Notre Dame was the reverse, nothing at first, Buchner came in and had success but then Tech figured out a way to neutralize him (aided by some freshman mistakes).
Leaving the trump card to be, unbelievably, Jack Coan at the 11th hour to come back and save the day, to which Tech had no answer for.
The areas for offensive improvement will be one of the most interesting aspects in the second half of the season, and the schedule looks primed for a rebound with weaker opponents coming up.
I think that’s largely true, although I’m not sure VT really figured out how to stop the ground game. In the second half the Buchner drives:
That’s a ton of detail, and USC and others will be ready for a run-heavy TB attack, but I think at it’s core spread it out + run with Buchner can work so long as he mix in the downfield passes or even quick hits to the perimeter / flat to keep defenses guessing
Drive 4 was 8 yards Buchner, 2 yards Kyren (+penalty), 3 yards Buchner (2nd and 15), incomplete, punt
Drive 5 ended with 2 yards (Diggs) on 1st down, 2 yards (Buchner), 0 yards Williams (+penalty), INT
I could have phrased it cleaner, what I was referring to was they did stop him from getting ahead on 2+15 and 2+8 on two straight drives, drives before that it wasn’t uncommon that Buchner and Kyren were regularly rolling off 8, 10, 11 yard carries and that was what I meant that the defense held more firm as he played longer.

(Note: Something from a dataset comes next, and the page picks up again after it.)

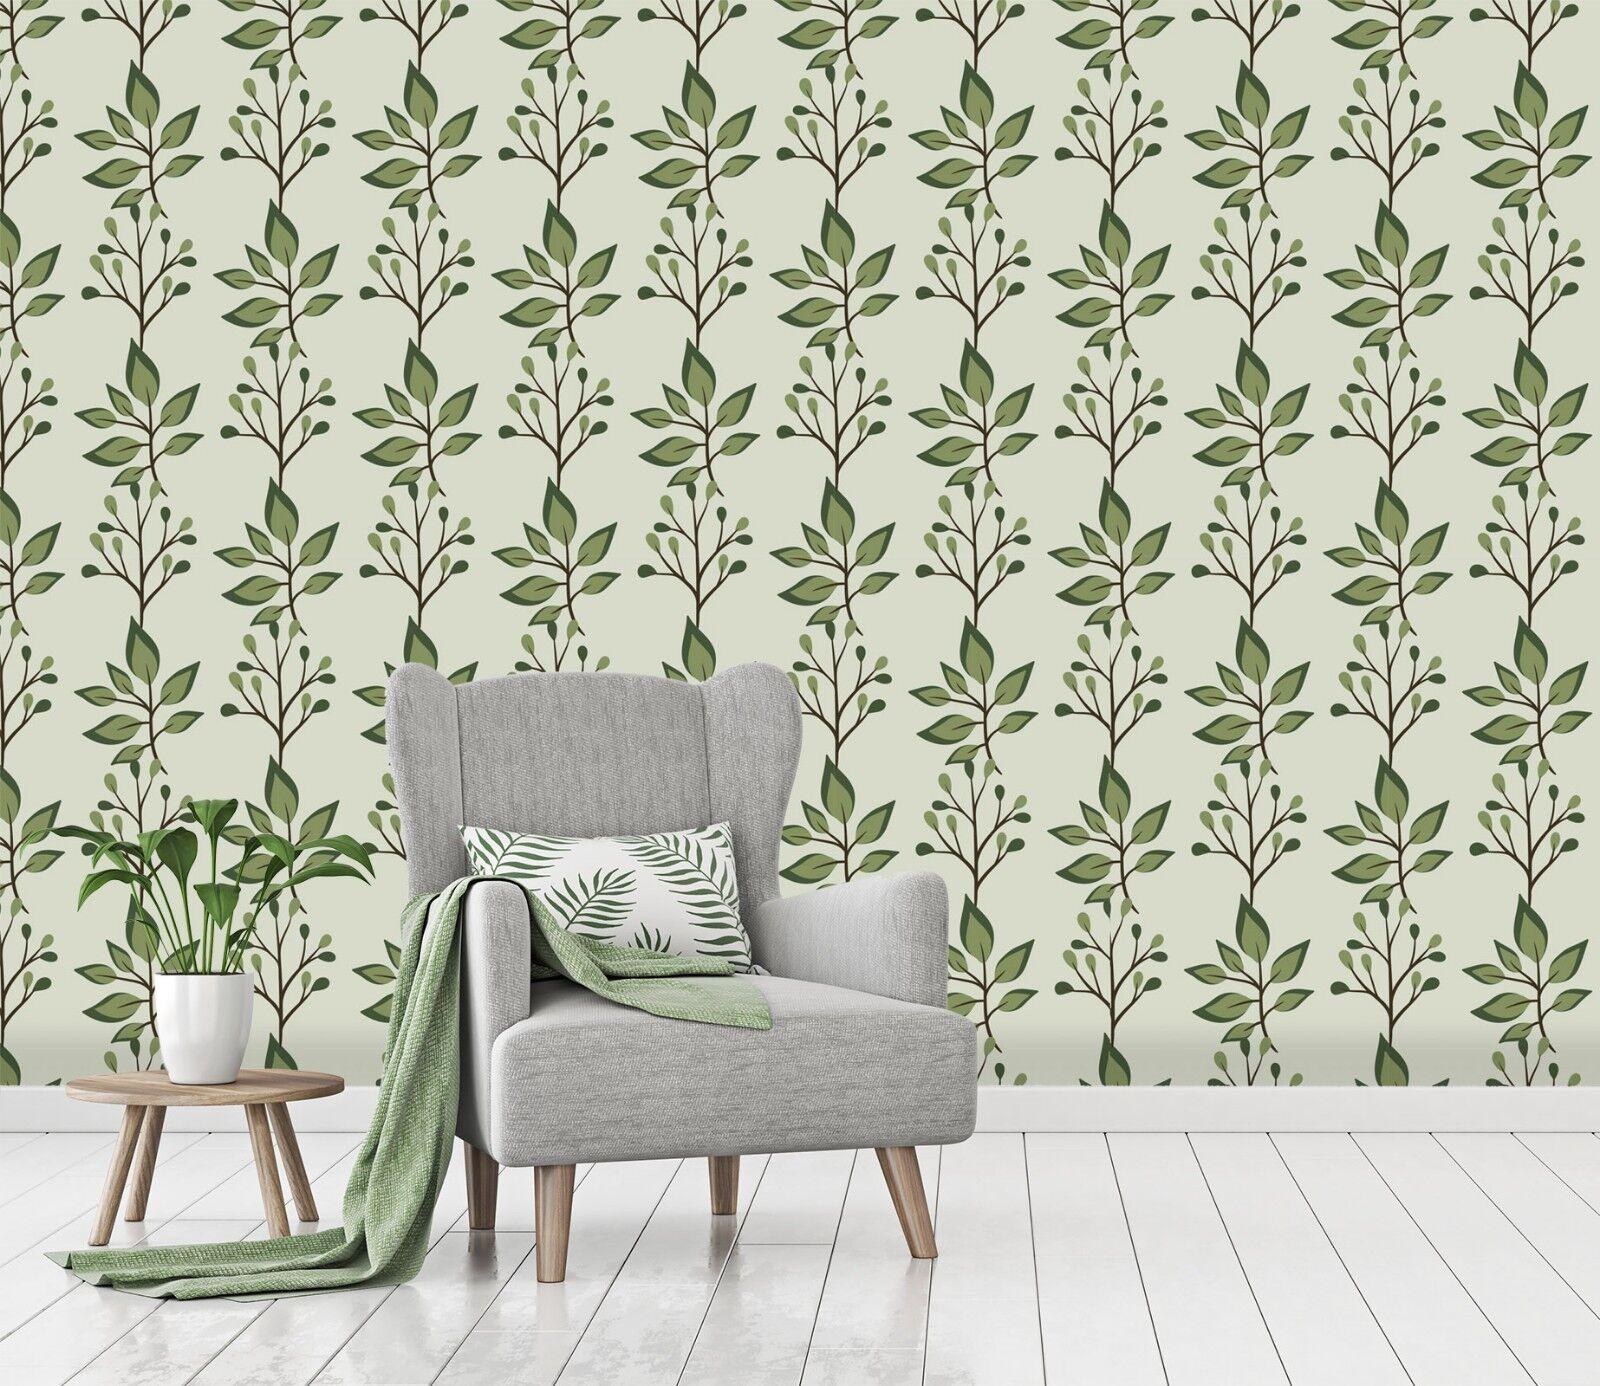 3D Grüne Blätter Rebe 0 Tapete Wandgemälde Tapete Tapeten Familie Kinde DE Lemon

So the final six rush attempts only produced 17 yards, which could admittedly be a bit of a stretch for “figuring it out” — and as you rightly noted certainly the the penalties helped the Hokies bog Buchner down all the further since some of those attempts didn’t count, but even on the penalized runs Notre Dame wasn’t getting anywhere.
By “final six rush attempts,” do you mean of the game or the last three rush attempts on each of his last two drives? Because Drive 5 by itself had seven rush attempts and the first four went very well.
Drive 4:
Drive 5:
The first drive was killed by the bogus targeting call, it had very little to do with VT. The second drive we bogged down on that last set of downs. I don’t think they figured anything out in a broader sense, or they wouldn’t have allowed 44 yards on the first five plays of Drive 5.
The latter. I was looking at how VT got Notre Dame off the field. They didn’t completely stop Buchner in his tracks, and the penalties didn’t help either, and I agree were very bogus in the first place.
The four successful plays to start Drive 5 is some evidence that perhaps the ND offense was OK, barring penalties, but they ended on sour notes.
Gotcha. I don’t think you can split the second drive up like that, honestly. Giving up nearly half the length of the field on the first five plays isn’t a great sign that they figured out how to get the offense off the field. I think they got back-to-back stops and, like Mike said, Tommy went super conservative with the run on 3rd and 6 to either set up a FG try or a shorter 4th down try.
To that point in the game, Buchner had faced 3rd and medium (in this case, 4-8 yards to gain) four times and each of those downs was a pass play. The last one was the pick six, but they had Buchner throw on 3rd and 12 on the next drive so they weren’t just completely against him passing at that point. Running on 3rd and 6 there is a strong indicator that Tommy wanted to play it safe, IMO.
Va Tech gets credit for stoning those three runs, definitely. I think it’s a bit generous to say they figured out how to defend the offense, though.
Also, on that 3rd down play, had Kristofic been able to make it across – he chipped the end with Alt briefly but really didn’t need to because Alt was literally folding the guy in half, and then he couldn’t get across to Hollifield in time – Kyren would’ve had an absolutely massive hole in the middle and been one on one with the LB (note the attached screenshot). I like his chances there.
I think for a couple of plays they out-executed us, and those couple of plays happened to come consecutively. I’m very interested to see what that offense can do going forward, particularly if the apparent growth of the OL is real.